# Instructions for the task
Your job is to retype the whole listing exactly.

# Records for the task

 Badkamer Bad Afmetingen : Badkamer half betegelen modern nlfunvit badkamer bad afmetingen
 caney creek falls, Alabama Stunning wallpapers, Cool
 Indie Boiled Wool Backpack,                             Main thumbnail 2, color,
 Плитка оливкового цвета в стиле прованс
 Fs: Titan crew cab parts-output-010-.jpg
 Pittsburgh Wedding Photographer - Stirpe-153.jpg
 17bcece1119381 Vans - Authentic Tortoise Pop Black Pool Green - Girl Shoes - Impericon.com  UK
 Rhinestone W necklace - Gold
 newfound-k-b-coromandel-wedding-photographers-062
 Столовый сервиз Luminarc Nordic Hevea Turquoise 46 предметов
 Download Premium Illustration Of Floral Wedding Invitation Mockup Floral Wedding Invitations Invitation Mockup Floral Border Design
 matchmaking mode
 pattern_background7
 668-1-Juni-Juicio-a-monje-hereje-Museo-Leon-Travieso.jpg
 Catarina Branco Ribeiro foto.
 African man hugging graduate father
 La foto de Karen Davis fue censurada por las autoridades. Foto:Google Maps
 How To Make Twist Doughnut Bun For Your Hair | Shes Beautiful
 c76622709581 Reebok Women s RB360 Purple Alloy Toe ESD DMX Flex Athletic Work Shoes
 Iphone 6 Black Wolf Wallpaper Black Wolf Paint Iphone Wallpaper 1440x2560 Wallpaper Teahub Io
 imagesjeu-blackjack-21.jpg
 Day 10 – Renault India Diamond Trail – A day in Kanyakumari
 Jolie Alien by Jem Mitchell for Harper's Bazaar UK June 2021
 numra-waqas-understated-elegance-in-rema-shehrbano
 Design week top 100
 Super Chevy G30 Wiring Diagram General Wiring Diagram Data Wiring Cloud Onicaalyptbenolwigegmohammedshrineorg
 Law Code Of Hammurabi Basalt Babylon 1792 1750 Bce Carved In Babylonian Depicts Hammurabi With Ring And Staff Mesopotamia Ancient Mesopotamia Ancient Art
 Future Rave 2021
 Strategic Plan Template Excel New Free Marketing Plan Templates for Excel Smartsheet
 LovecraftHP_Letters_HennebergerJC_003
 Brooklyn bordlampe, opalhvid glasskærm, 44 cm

# Answer to this exercise
 Badkamer Bad Afmetingen : Badkamer half betegelen modern nlfunvit badkamer bad afmetingen
 caney creek falls, Alabama Stunning wallpapers, Cool
 Indie Boiled Wool Backpack,                             Main thumbnail 2, color,
 Плитка оливкового цвета в стиле прованс
 Fs: Titan crew cab parts-output-010-.jpg
 Pittsburgh Wedding Photographer - Stirpe-153.jpg
 17bcece1119381 Vans - Authentic Tortoise Pop Black Pool Green - Girl Shoes - Impericon.com  UK
 Rhinestone W necklace - Gold
 newfound-k-b-coromandel-wedding-photographers-062
 Столовый сервиз Luminarc Nordic Hevea Turquoise 46 предметов
 Download Premium Illustration Of Floral Wedding Invitation Mockup Floral Wedding Invitations Invitation Mockup Floral Border Design
 matchmaking mode
 pattern_background7
 668-1-Juni-Juicio-a-monje-hereje-Museo-Leon-Travieso.jpg
 Catarina Branco Ribeiro foto.
 African man hugging graduate father
 La foto de Karen Davis fue censurada por las autoridades. Foto:Google Maps
 How To Make Twist Doughnut Bun For Your Hair | Shes Beautiful
 c76622709581 Reebok Women s RB360 Purple Alloy Toe ESD DMX Flex Athletic Work Shoes
 Iphone 6 Black Wolf Wallpaper Black Wolf Paint Iphone Wallpaper 1440x2560 Wallpaper Teahub Io
 imagesjeu-blackjack-21.jpg
 Day 10 – Renault India Diamond Trail – A day in Kanyakumari
 Jolie Alien by Jem Mitchell for Harper's Bazaar UK June 2021
 numra-waqas-understated-elegance-in-rema-shehrbano
 Design week top 100
 Super Chevy G30 Wiring Diagram General Wiring Diagram Data Wiring Cloud Onicaalyptbenolwigegmohammedshrineorg
 Law Code Of Hammurabi Basalt Babylon 1792 1750 Bce Carved In Babylonian Depicts Hammurabi With Ring And Staff Mesopotamia Ancient Mesopotamia Ancient Art
 Future Rave 2021
 Strategic Plan Template Excel New Free Marketing Plan Templates for Excel Smartsheet
 LovecraftHP_Letters_HennebergerJC_003
 Brooklyn bordlampe, opalhvid glasskærm, 44 cm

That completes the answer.